Dec. 30th, 2008 09:05 pm
susanstinson: (Default)
I've been to Texas. Flew home yesterday.

Today, I got on the stepstool to get down the good teacups, and had rills of talk with a friend over hummus on toast. Then, I went with her to a community farm to pick up the weekly "winter share" that had been given to her by someone who is out of town, and so missed the pick up time. It was an adventure. We got lost twice. We didn't know what to do, but, when we finally found it, there were different categories of food listed on a blackboard and directions about how much to take of each: 1.5 pounds of green beans. Greens: lettuce, kale, chard. Choose four. Like that. She been told to bring bags, and shared copiuously with me, so I had two turnips, two yams, a bunch of kale, a bunch of lettuce, a huge hard round avocado (did that grow around here?), two tangerines and an orange (some kind of fruit swap?) in a big white paper shopping bag from Talbot's (est. 1947), which was meant to carry new clothes home from the store. I put her green beans in an xmas gift bag covered with little decorated trees.

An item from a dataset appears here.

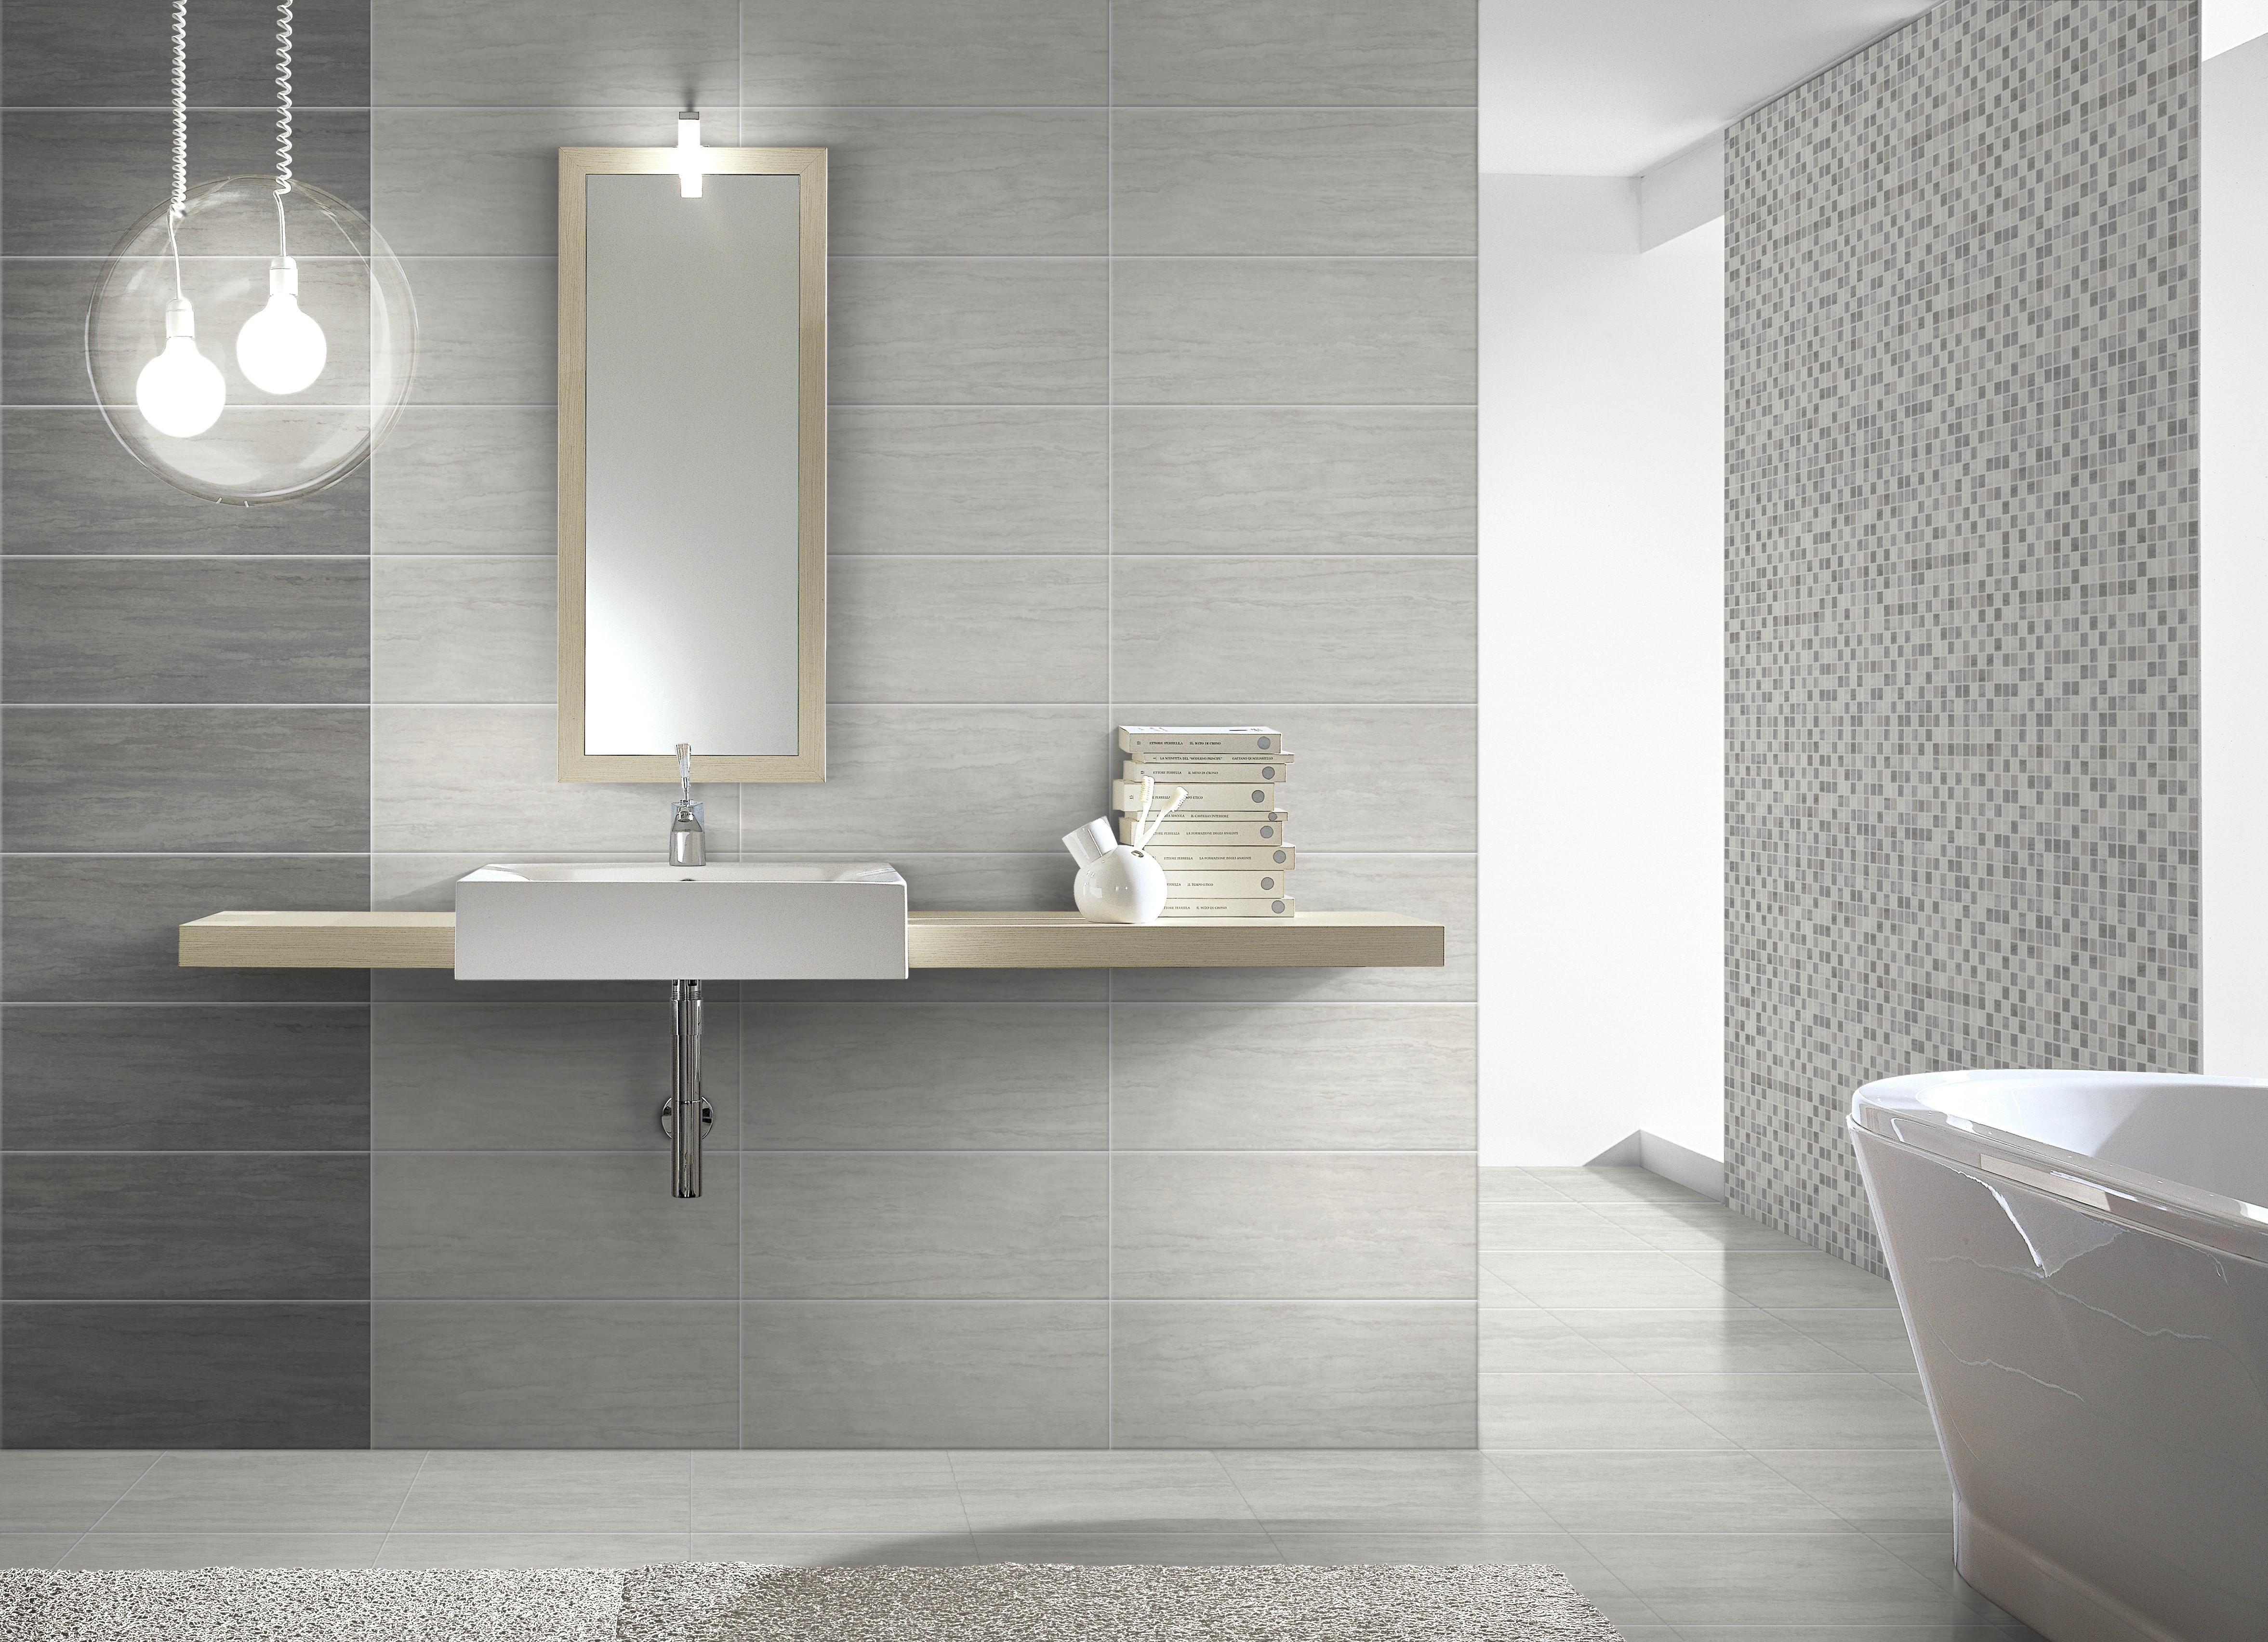 Rivestimento bagno travertino mosaico grigio 20x50x0 7 cm

When I got out of her car, the bag ripped, and the turnips and the citrus went rolling away down the street. I had to chase them. It's a slope, and the orange and one turnip looked to be heading towards the entrance to the fairground, but when I got in front of them, they rolled right to me.

So, I put the turnips and yams in the dutch oven, and just ate the white, juicy, sweet meat of a very round turnip, mashed with a little butter and pepper in a bowl. The taste was new to me. It was a good way to come home.
susanstinson: (trike)
The trike shifts weirdly in the cold, and sometimes not at all. The tires spin on the first little hill when my street is icy. The lock sticks. Tonight, the small pump I carry in the basket was sliding out and poking into the spokes of the wheel. Also, something ominous is happening with the hub or the chain again. Moments of suddenly pedaling through nothingness, with no connection to the wheel. Moments of suddenly pedaling through thickness, as if the road was gravelly mush. This can be shocking to the thighs, which like steady work.

Also, I couldn't find one of my gloves today, and there was no waiting to see if it might turn up. Riding a trike when it's below freezing without gloves is reckless. It's getting dark so early, and I wish I had the better light that I had last year, the one with 5 leds. It stopped working this fall, probably from water damage. I replaced it with one that was much cheaper, but nowhere near as bright.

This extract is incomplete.